Task statement: Please reproduce all of the data exactly as it appears, but skip the pictures.

Provided material:

^^^^^^^^

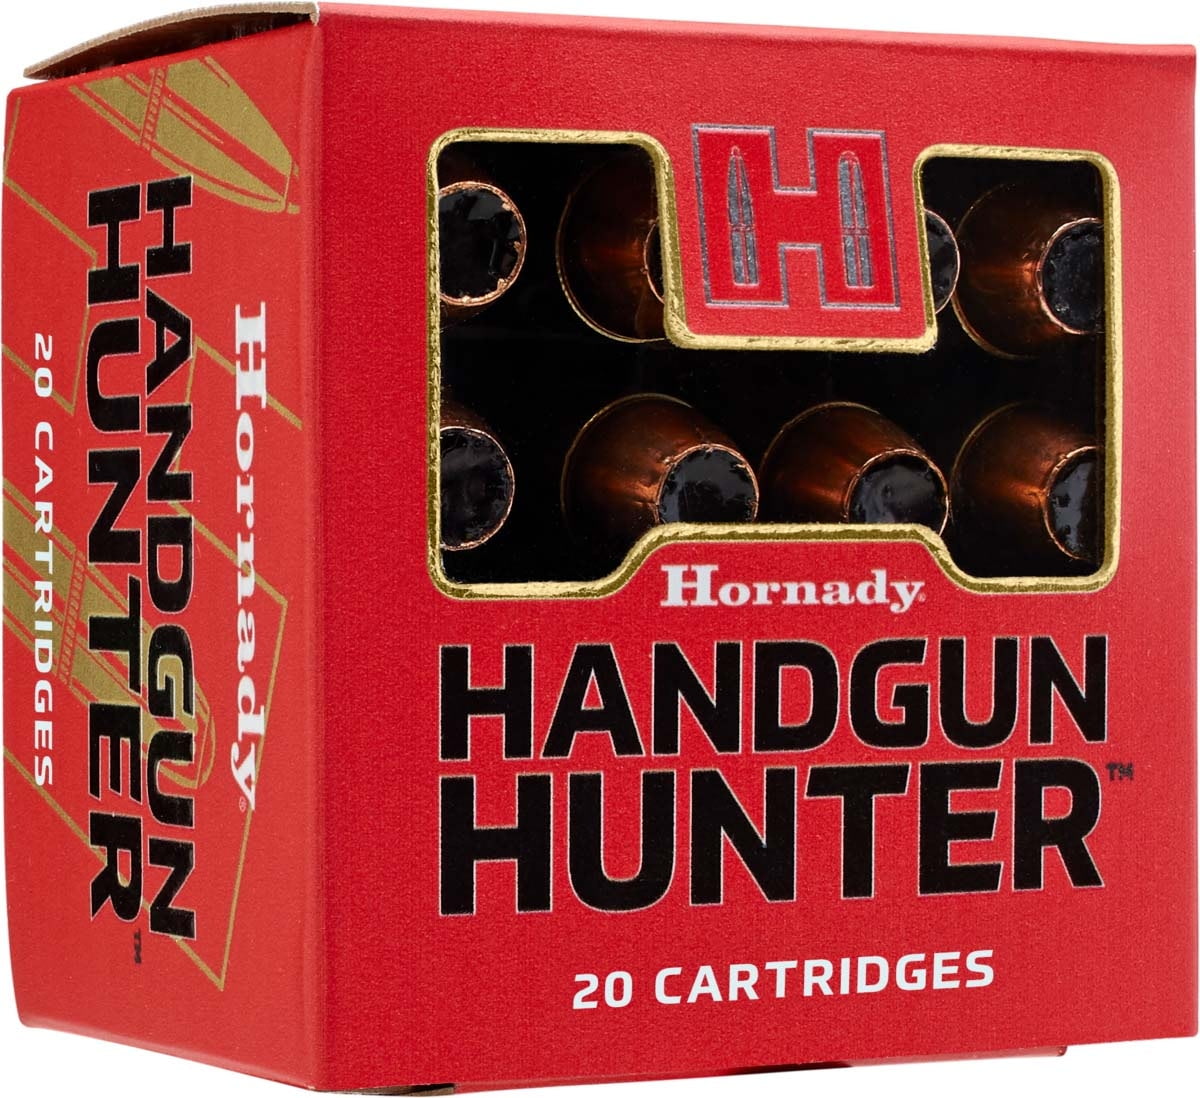 Hornady Handgun Hunter 7-30 Waters 200 grain Flex Tip Brass Cased Centerfire Pistol Ammunition
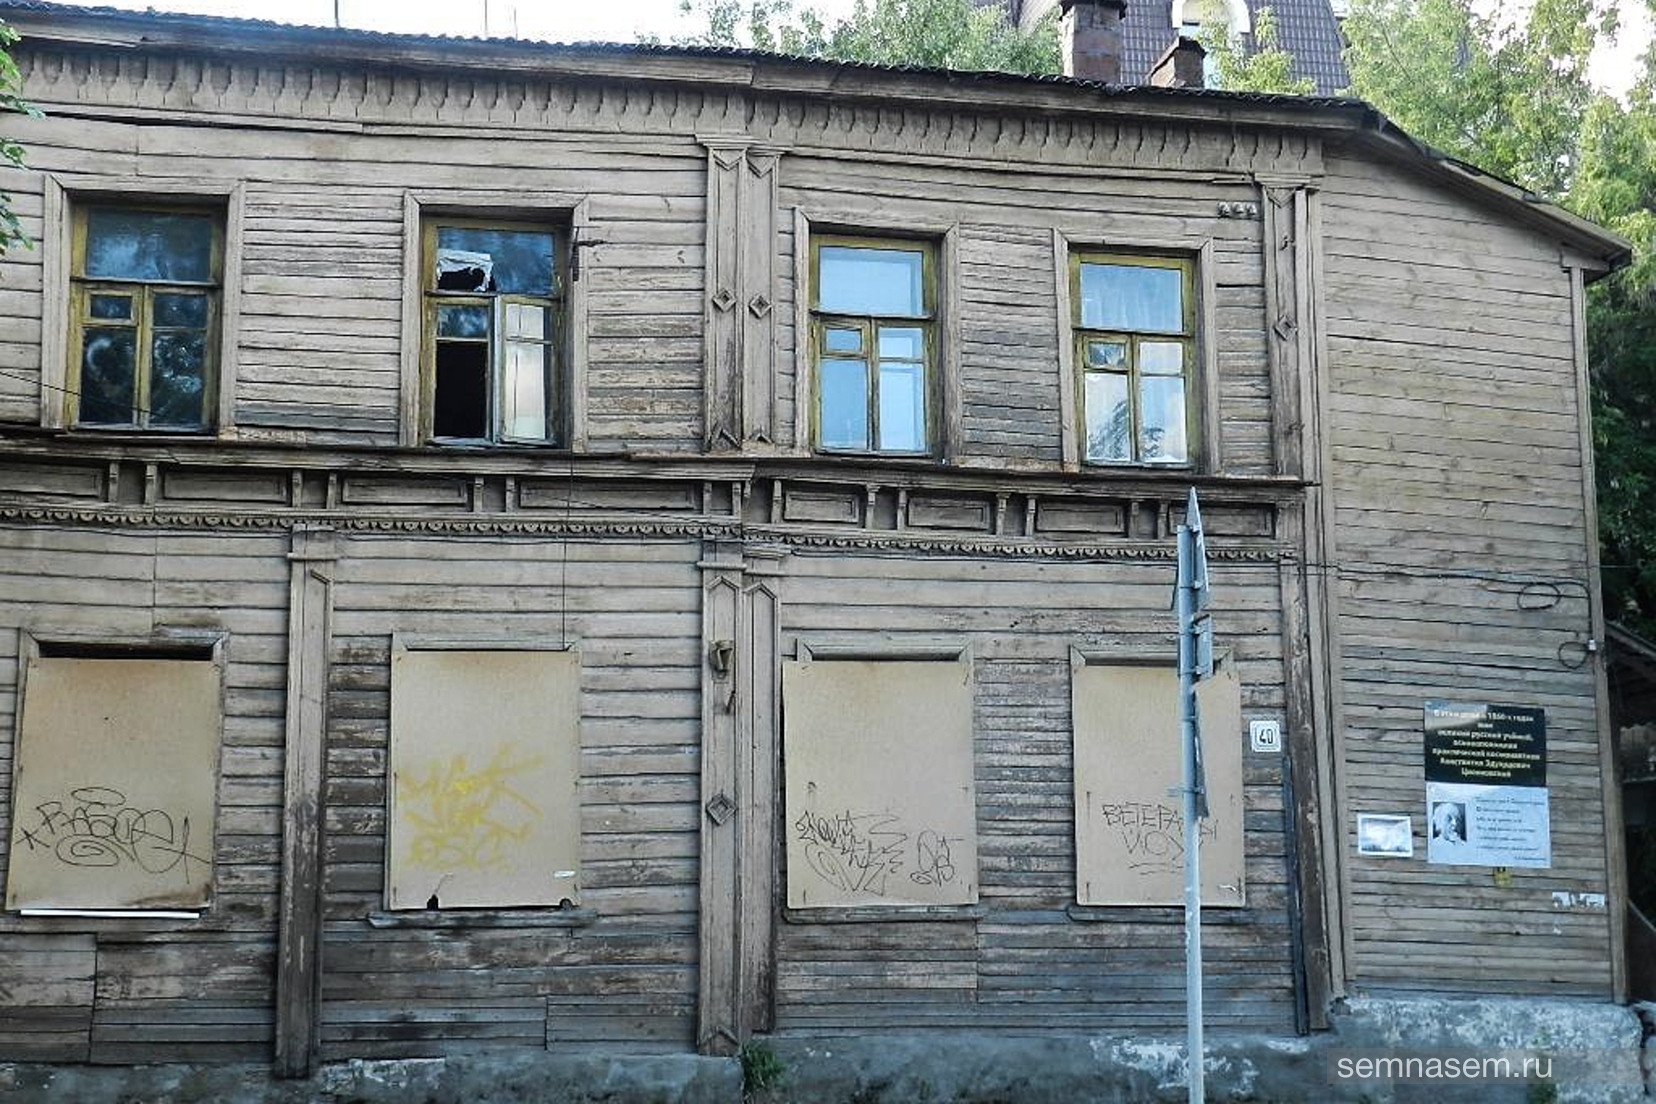 Рязанские градозащитники потребовали от мэрии расторгнуть договор с арендатором дома Циолковского. Ранее в нем поселились наркоманы
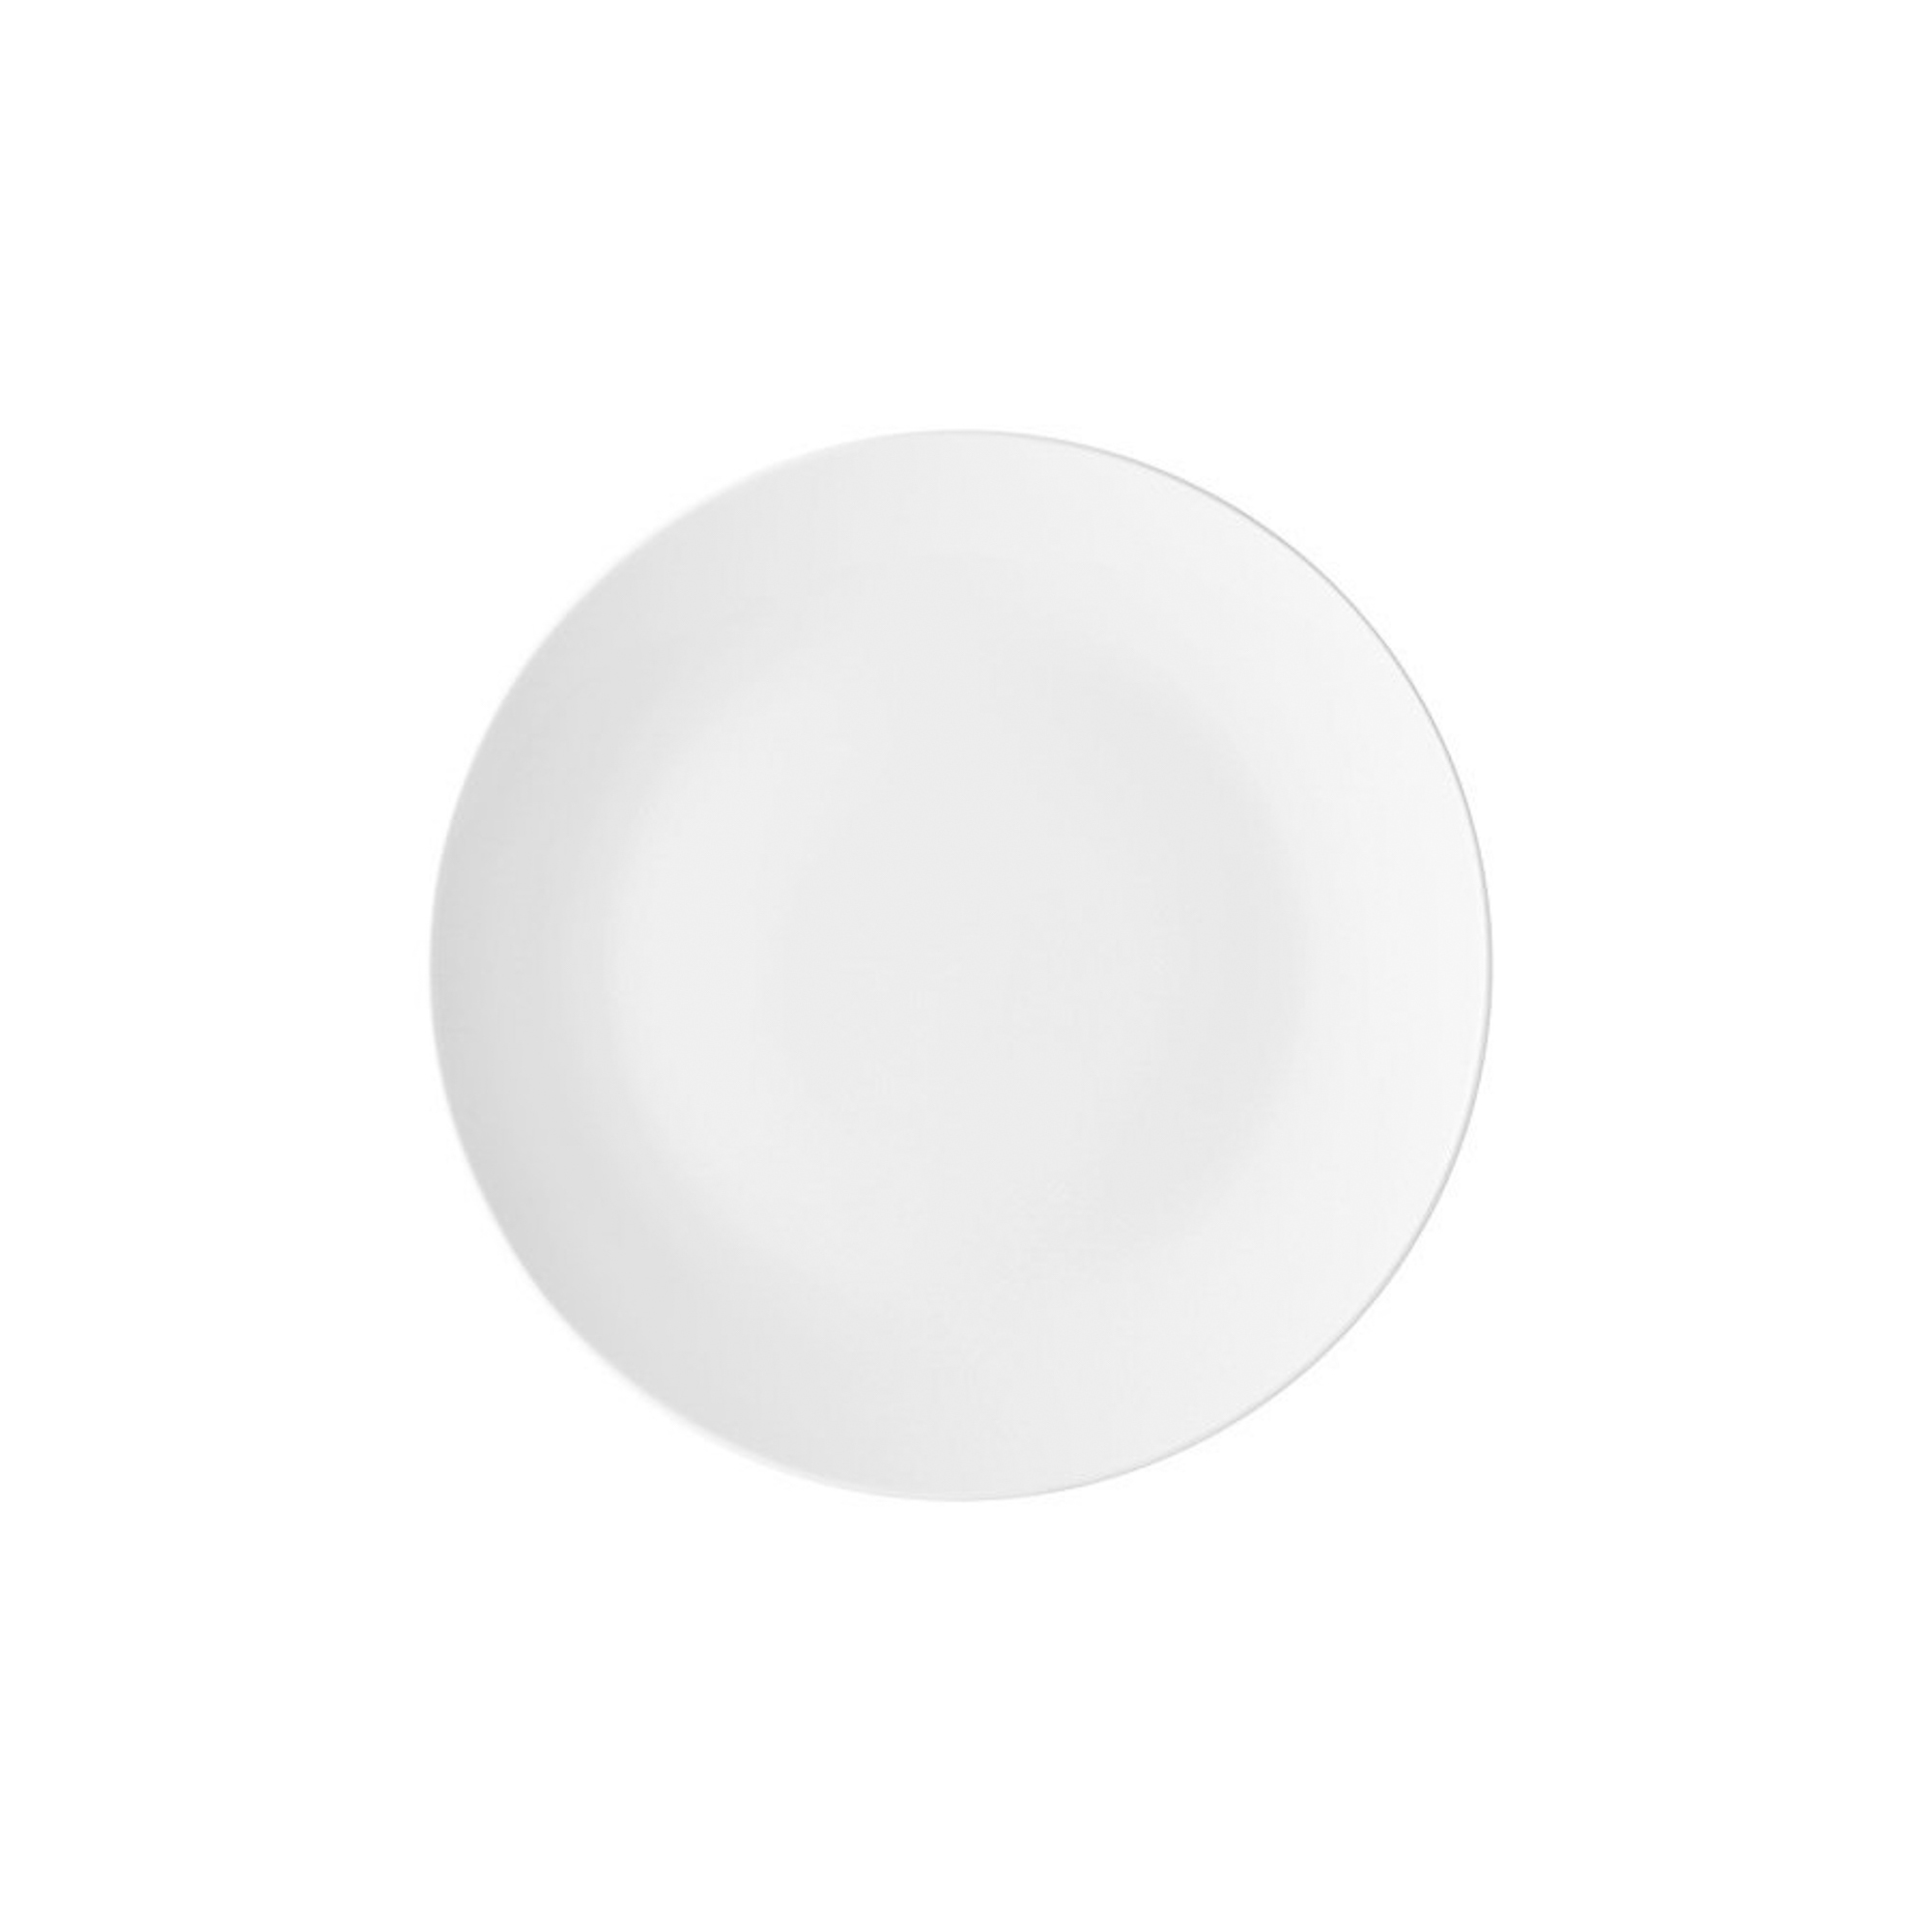 тарелка закусочная easy life пасхальная коллекция Тарелка закусочная Maxwell & williams Белая коллекция 19 см
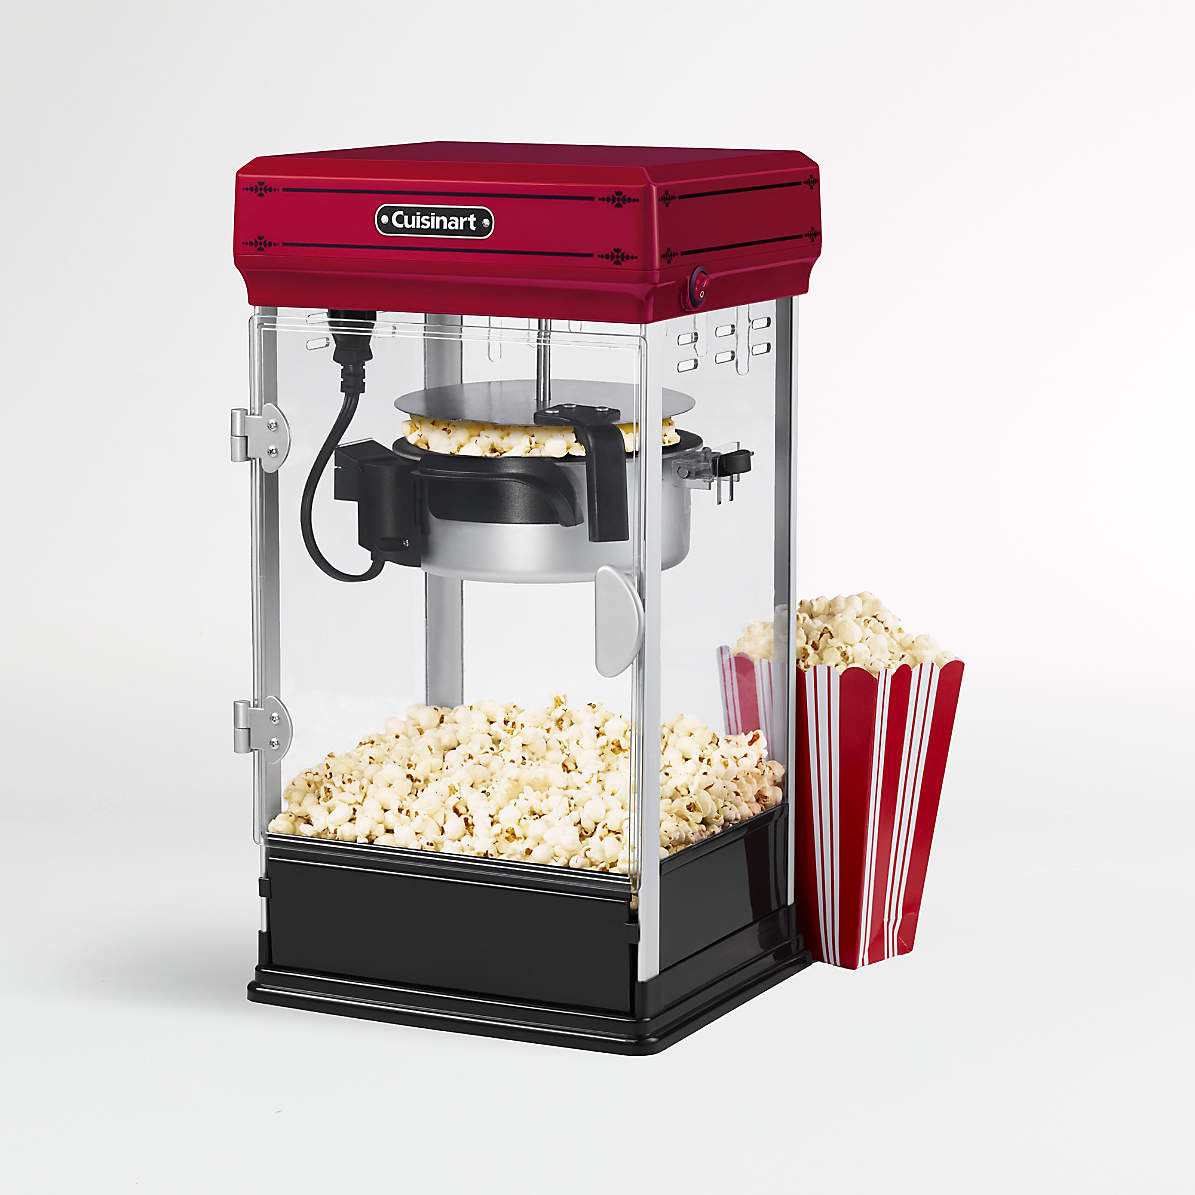 Cuisinart Professional Popcorn Maker Reviews Crate Barrel

^^^^^^^^

Written answer:
 Hornady Handgun Hunter 7-30 Waters 200 grain Flex Tip Brass Cased Centerfire Pistol Ammunition
 Рязанские градозащитники потребовали от мэрии расторгнуть договор с арендатором дома Циолковского. Ранее в нем поселились наркоманы
 тарелка закусочная easy life пасхальная коллекция Тарелка закусочная Maxwell & williams Белая коллекция 19 см
 Cuisinart Professional Popcorn Maker Reviews Crate Barrel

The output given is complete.